Mr. Tristram suggests that the Tsepha of Scripture may possibly be the Yellow Viper (Daboia xanthica), which is one of the largest and most venomous of the poisonous serpents which are found in Palestine, and which is the more dangerous on account of its nocturnal habits. This snake is one of the Katukas, and is closely allied to the dreaded Tic-polonga of Ceylon, a serpent which is so deadly, and so given to infesting houses, that one of the judges was actually driven out of his official residence by it.
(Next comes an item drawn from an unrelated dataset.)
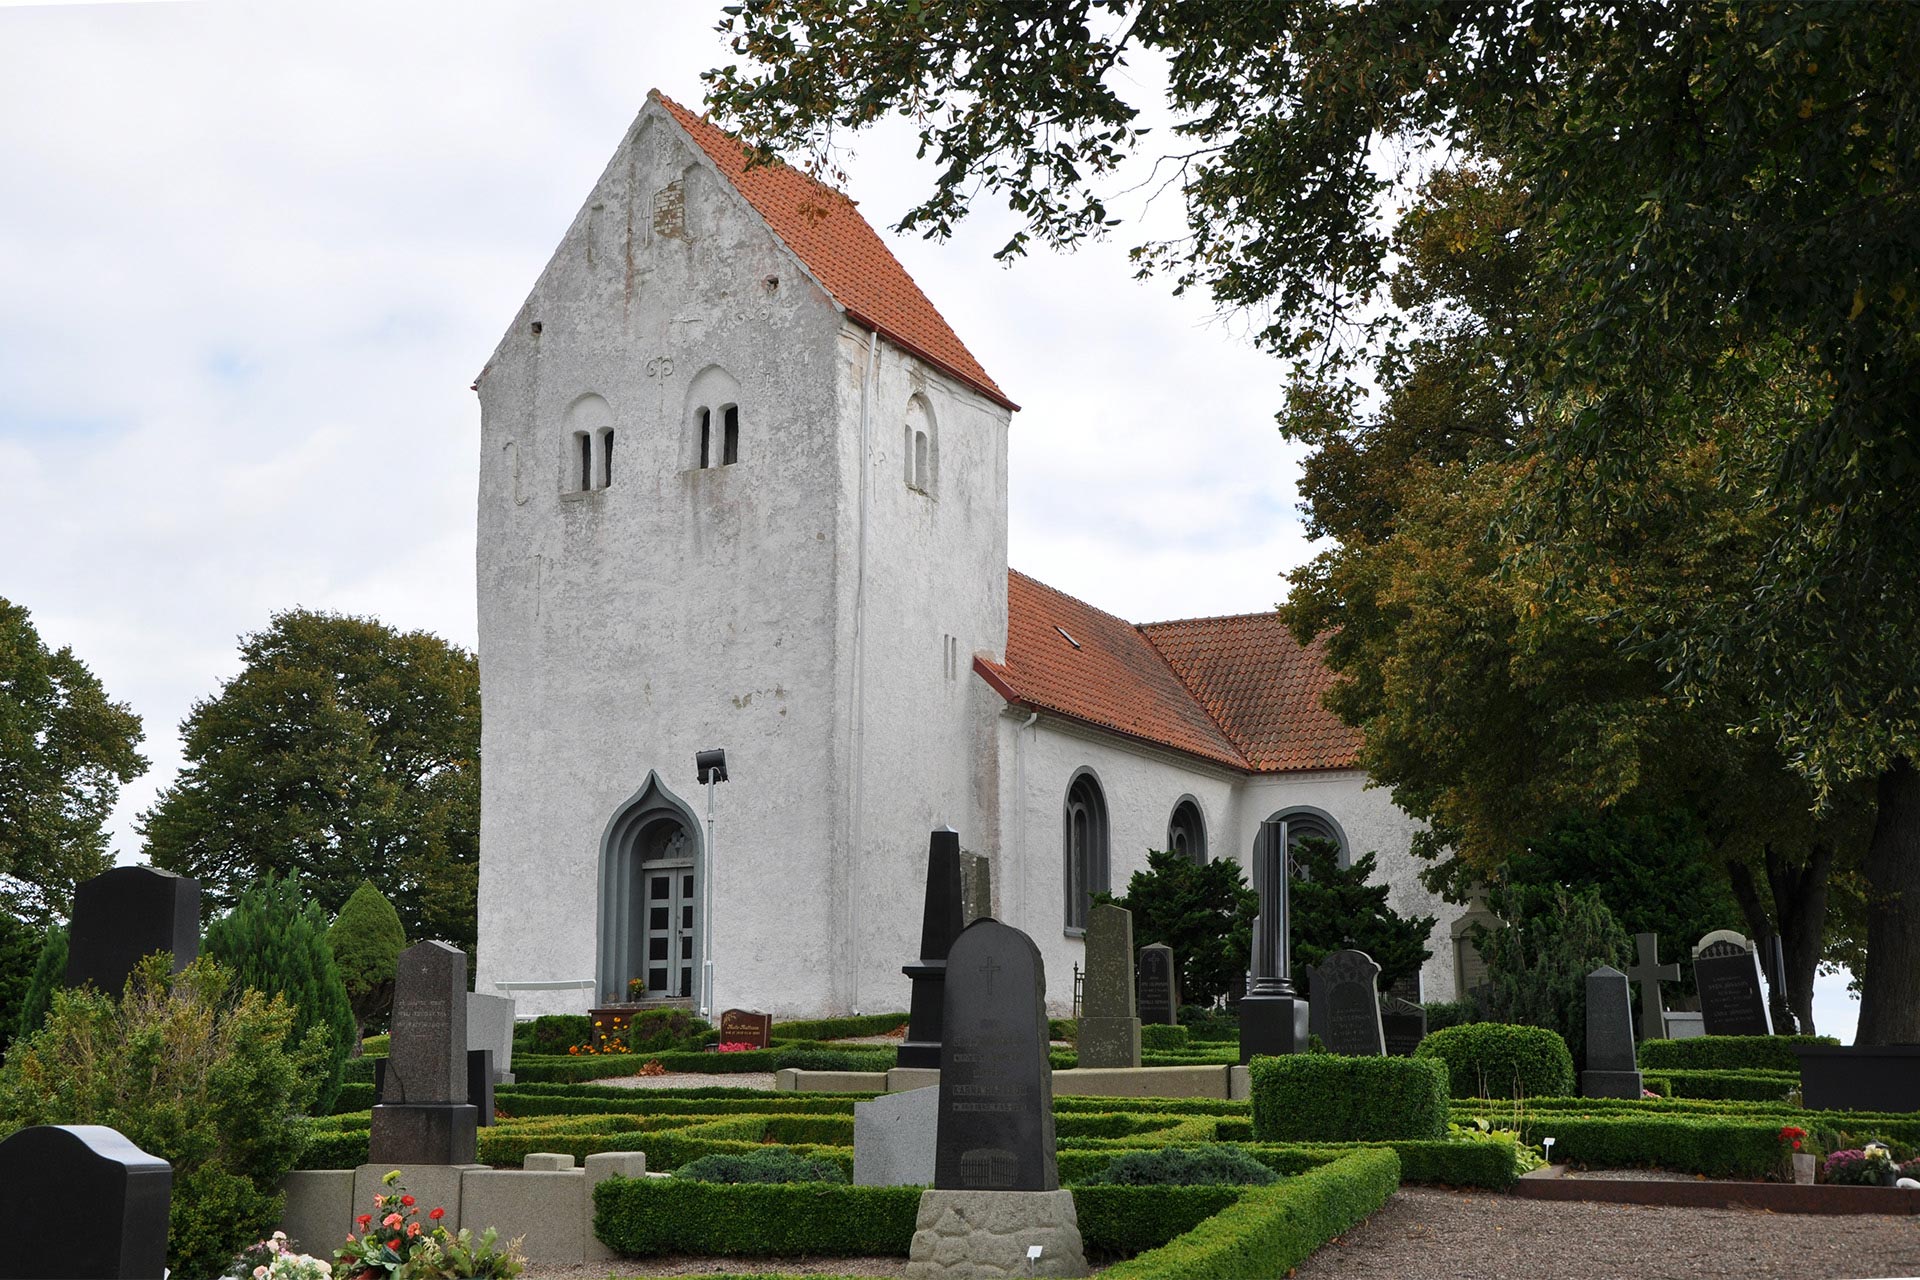 Den putsade och vitkalkade Bromma kyrka från 1100-talet ligger på en höjd i utkanten av Bromma gamla kyrkby, några km söder om Sövestad.

As to the old ideas respecting the origin of the Cockatrice, a very few words will suffice for them. This serpent was thought to be produced from an egg laid by a cock and hatched by a viper. "For they say," writes Topsel," that when a cock groweth old, he layeth a certain egge without any shell, in stead whereof it is covered with a very thick skin, which is able to withstand the greatest force of an easie blow or fall. They say moreover that this Egge is laid only in the summer time, about the beginning of Dog days, being not so long as a Hen's Egge, but round and orbicular. Sometimes of a dirty, sometimes of a boxy, and sometimes of yellowish muddy colour, which Egge, afterwards sat upon by a Snake or a Toad, bringeth forth the Cockatrice, being half a foot in length, the hinder part like a Snake, the former part like a Cock, because of a treble combe on his forehead.

"But the vulgar opinion of Europe is, that the Egge is nourished by a Toad, and not by a Snake; howbeit in better experience it found that the Cock doth sit on that Egge himself: whereof Serianus Semnius in his twelfth book of the Hidden Animals of Nature hath this discourse, in the fourth chapter thereof. 'There happened,' saith he, 'within our memory, in the city of Pirizæa, that there were two old Cocks which had laid Egges, and the common people (because of opinion that those Egges would engender Cockatrices) laboured by all meanes possible to keep the same Cocks from sitting on those Egges, but they could not with clubs and staves drive them from the Egges, until they were forced to break the Egges in sunder, and strangle the Cocks."